After a small discussion, we decided to publish the generator that causes #TLE of HashSet and HashMap in Java.
It is here — http://pastebin.com/qpyNcD3R
The main idea: let's force the hash collections to put all the items in one bucket.
A feature of HashSet and HashMap is a usage of a special linear hash transformation, and then use a reminder hash % bucketsCount as bucket number.
This is some quotes from original Java code:
static int hash(int h) {
// This function ensures that hashCodes that differ only by
// constant multiples at each bit position have a bounded
// number of collisions (approximately 8 at default load factor).

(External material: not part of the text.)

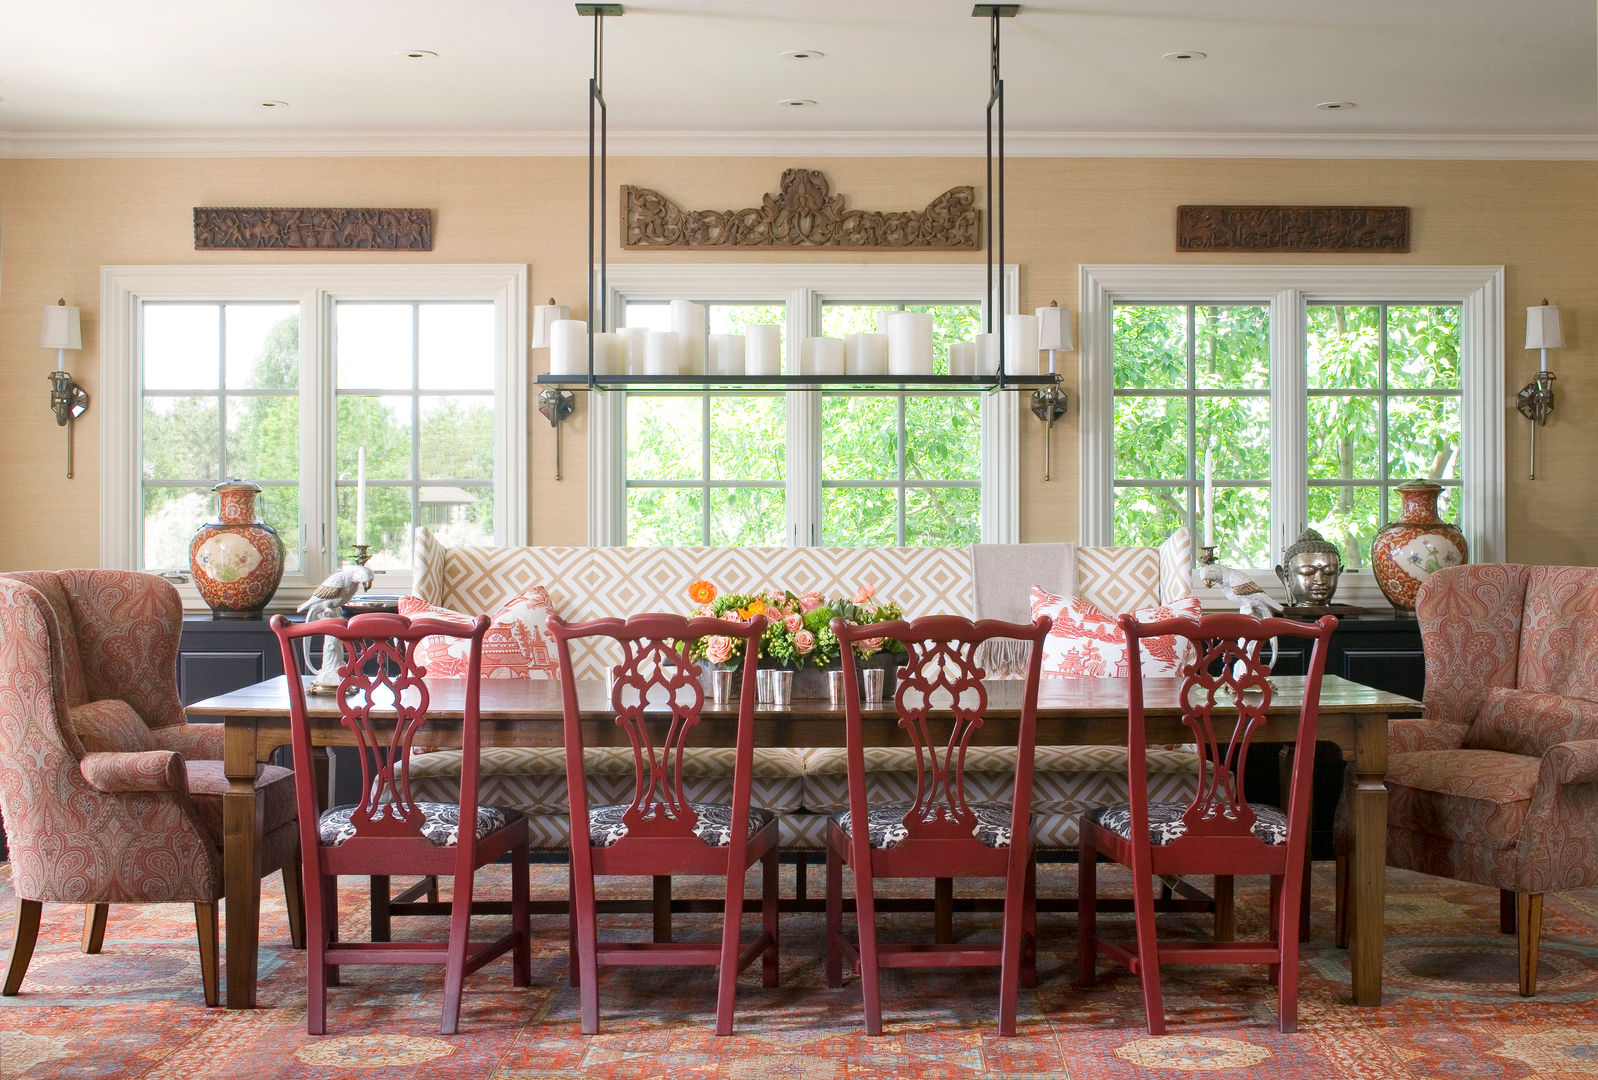 Home of the Year, Andrea Schumacher Interiors Andrea Schumacher Interiors Comedores clásicos

h ^= (h >>> 20) ^ (h >>> 12);
return h ^ (h >>> 7) ^ (h >>> 4);
}
static int indexFor(int h, int length) {
return h & (length-1); /*length is a power of 2 --- me*/
}
The only difficulty is to generate an inverse transform — it is here:
int hashinv(int h) {
h ^= (h >>> 4) ^ (h >>> 7) ^ (h >>> 8) ^ (h >>> 14) ^ (h >>> 15)
^ (h >>> 18) ^ (h >>> 19) ^ (h >>> 20) ^ (h >>> 21)
^ (h >>> 23) ^ (h >>> 26) ^ (h >>> 28);
return h;
}
And then, just type the numbers in a such way:
final int size = 100000;
int[] s = new int[size];
for (int i = 0, val = 0; i < size; i++) {
s[i] = Integer.MAX_VALUE;
while (s[i] > 1000000000)
s[i] = hashinv(bitreverse(val++));
}
Here, bitreverse inverses last 31 bits in number.
This works for Java 6 и Java 7 with almost all standard input transformation (sorting, random shuffling, etc).
Good luck in hacks!
Well, then the question arises.. what should I use then?!
Hmm... TreeMap and compareTo instead of HashMap and hashCode?
It seems to take a lot of time to find enough numbers less than 100000 while it barely take time to find enough numbers less than 1000000000.
Do you want to find 100000 different positive integer numbers less than 100000?
I got it!
T.T
What about if I change the load factor?
As I know bucketsCount would be different and the code for hacking should be different (I guess).